Processing and producing output from multiple threads might work, but it depends how you need to combine them. You'll have to be careful about how you synchronize the threads, in any case, though there are surely some relatively easy lock-less ways to do that.
One thing to look for, though: Don't bother writing the file in small (< 4K) blocks. Collect at least 4K of data at a time before you call write()
. Also, since the kernel will lock the file when you write it, don't call write()
from all of your threads together; they'll all wait for each other instead of processing more data.
I'm thinking like this.
You have 8 cores, so make 8 threads. Let each thread parse one block of the file. So you need to get the device/disk block size. When a block has been parsed by a thread let the thread parse a new one not yet "assigned" to a thread.

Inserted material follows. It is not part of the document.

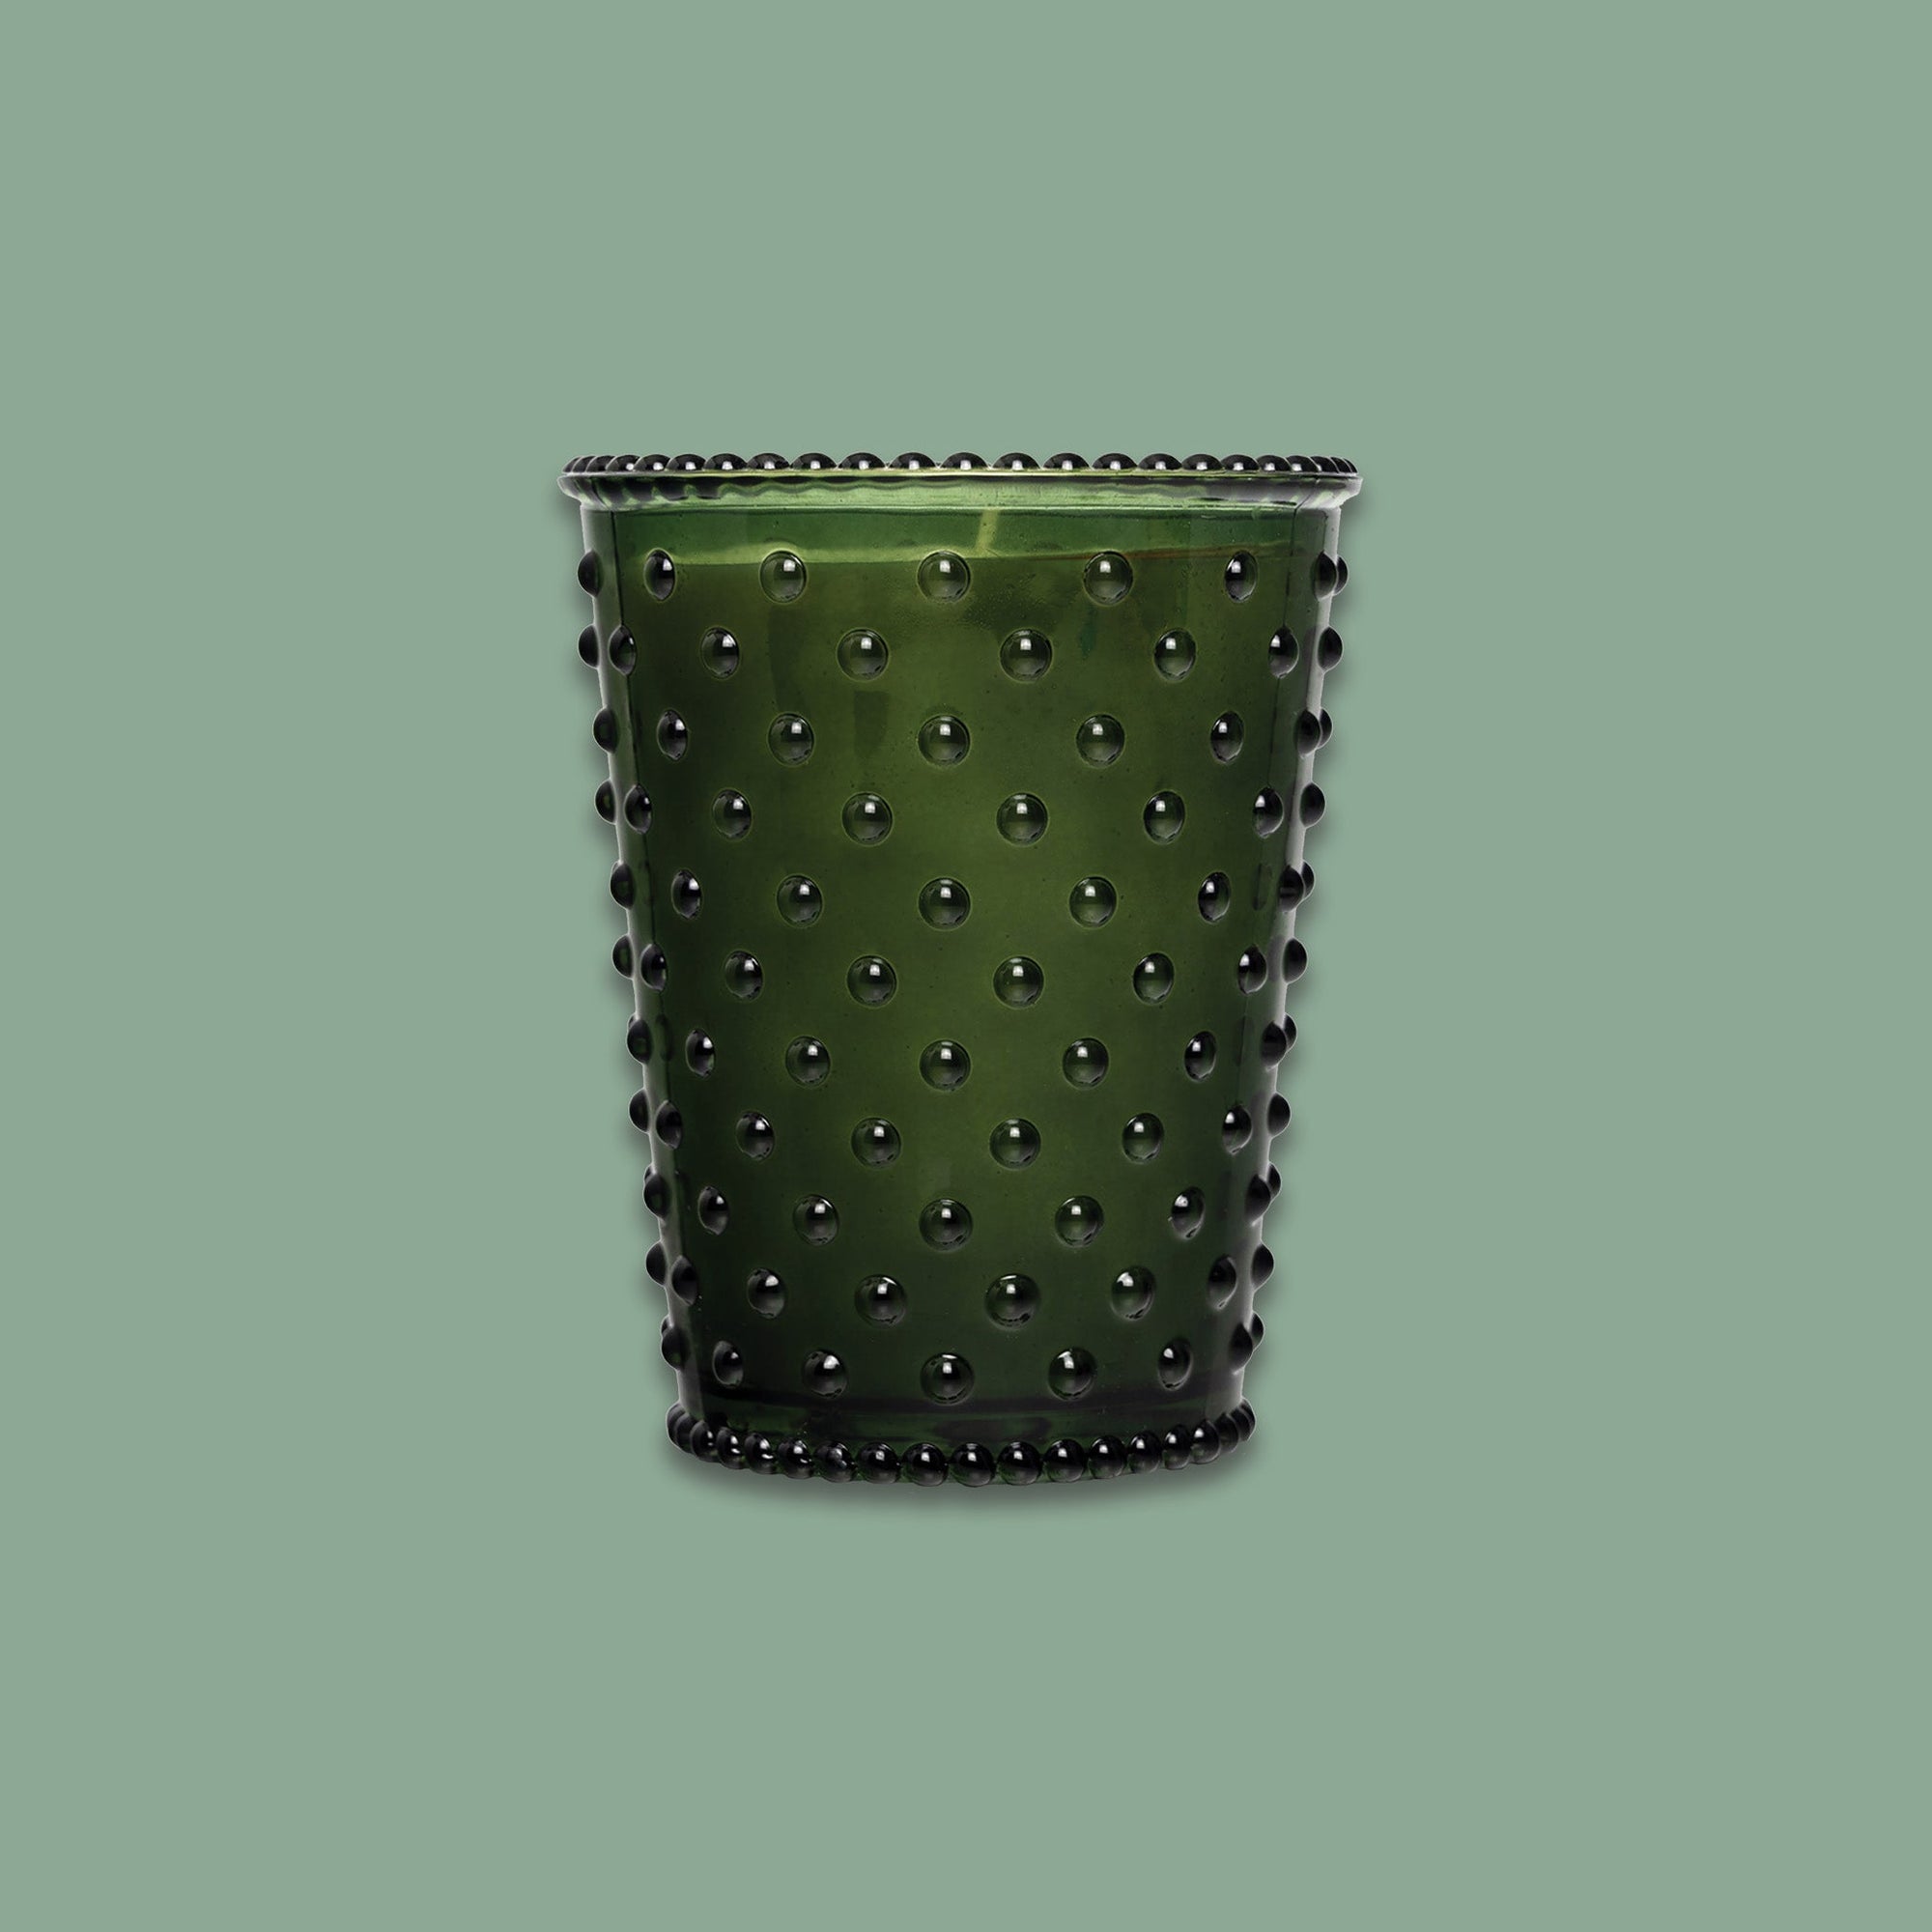 On a sage green background sits a dark green hobglass candle.

Another idea I have would to have 2 threads. A parsing thread and a thread just stepping over the file's disk blocks, ie just by reading the first byte of each block thus forcing the file to be read into memory as fast as possible.
But, this could be made into a contest. Nothing beats doing real live runs! and people will show you! :) find a suitable price!
This is a problem of granularity. You've got a small file, and very little processing to do. One thread can probably gobble the entire file in one time slice and process it in the next. Two threads would be worse than one. You need a much larger task before considering parallelism as a performance solution.